18 октября 1878. Петербург
Многоуважаемый Александр Николаевич.
Обыкновенно «Отеч<ественные> зап<иски>» начинали год Вашей комедией — позвольте думать, что и в будущем году не последует в этом отношении перемены. Я читал в газетах, что комедия у Вас уже написана и будет поставлена в половине ноября на сцену1. Не знаю, в какой мере это справедливо, но, во всяком случае, убедительнейше прошу Вас уведомить меня о Ваших намерениях. Я до сих пор не писал к Вам об этом, потому что слышал, будто Вы зажились в деревне. Да и теперь хорошенько не знаю, воротились ли Вы в Москву.

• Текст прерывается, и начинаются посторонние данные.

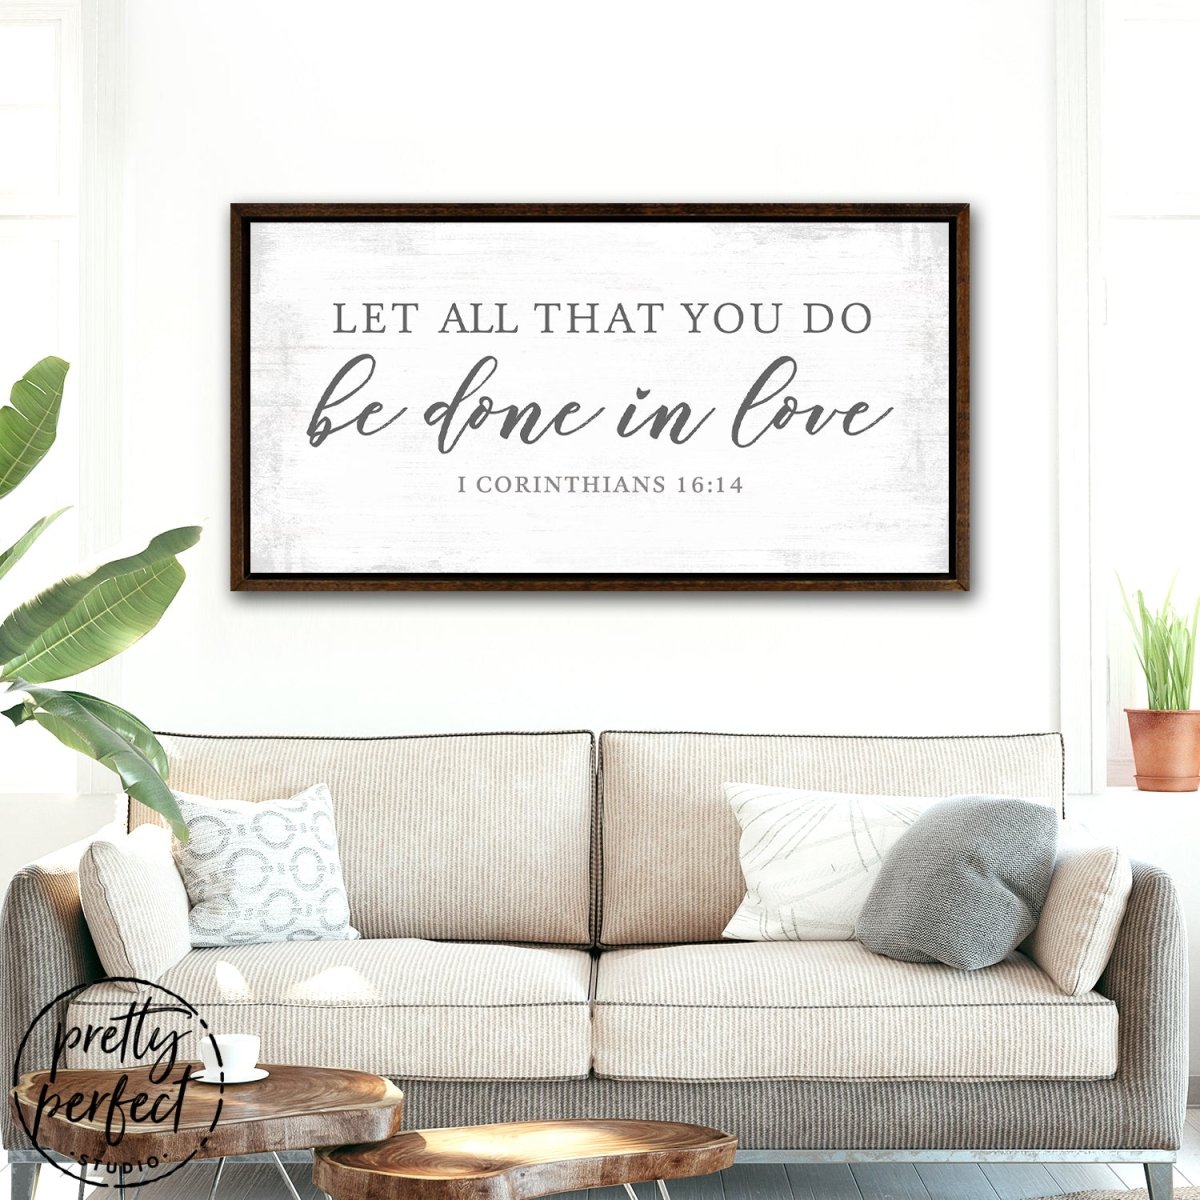 Let All That You Do Be Done In Love Sign Above Couch - Pretty Perfect Studio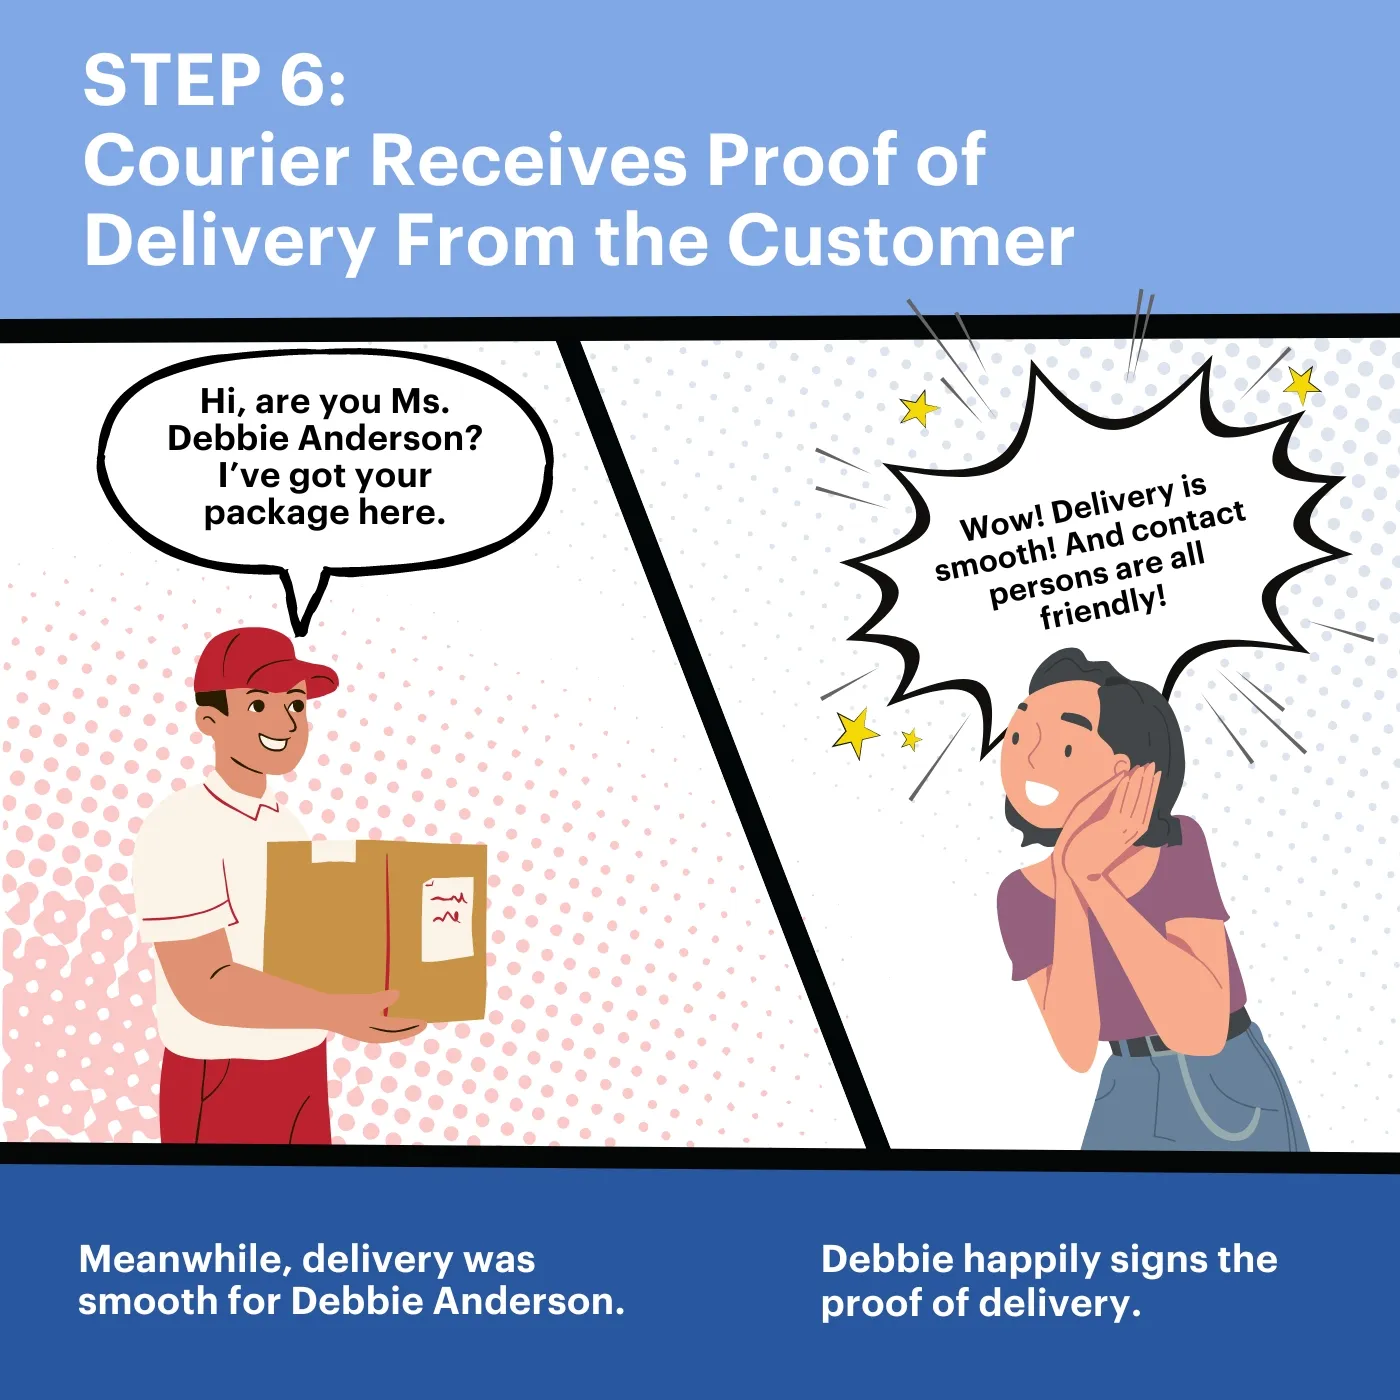 Image caption says: Courier Receives Proof of Delivery From the Customer

Что касается до меня, то я, по-прежнему, страдаю одышкой и каким-то необыкновенным кашлем, которым даже дома всем
надоел. Да и себе самому я надоел недугами. Понятно, что в таком положении худо работается. Чувствую, что пора умирать, да и хорошо бы, а тут надо журнал редактировать. Не могу без страха вспомнить, что впереди еще остается пять лет контракта. А журналы между тем плодятся — в будущем году в одном Петербурге будет пять штук больших, тогда как литературных сил совсем не прибавляется2. И что такое совершается кругом — совсем понять нельзя. И никто не помогает разъяснению, а напротив, стараются замять и затемнить. Недавно две девицы опять стреляли в жандарма, да еще в городового стреляли. С 1863 года начался этот хаос — подумайте, 15 лет!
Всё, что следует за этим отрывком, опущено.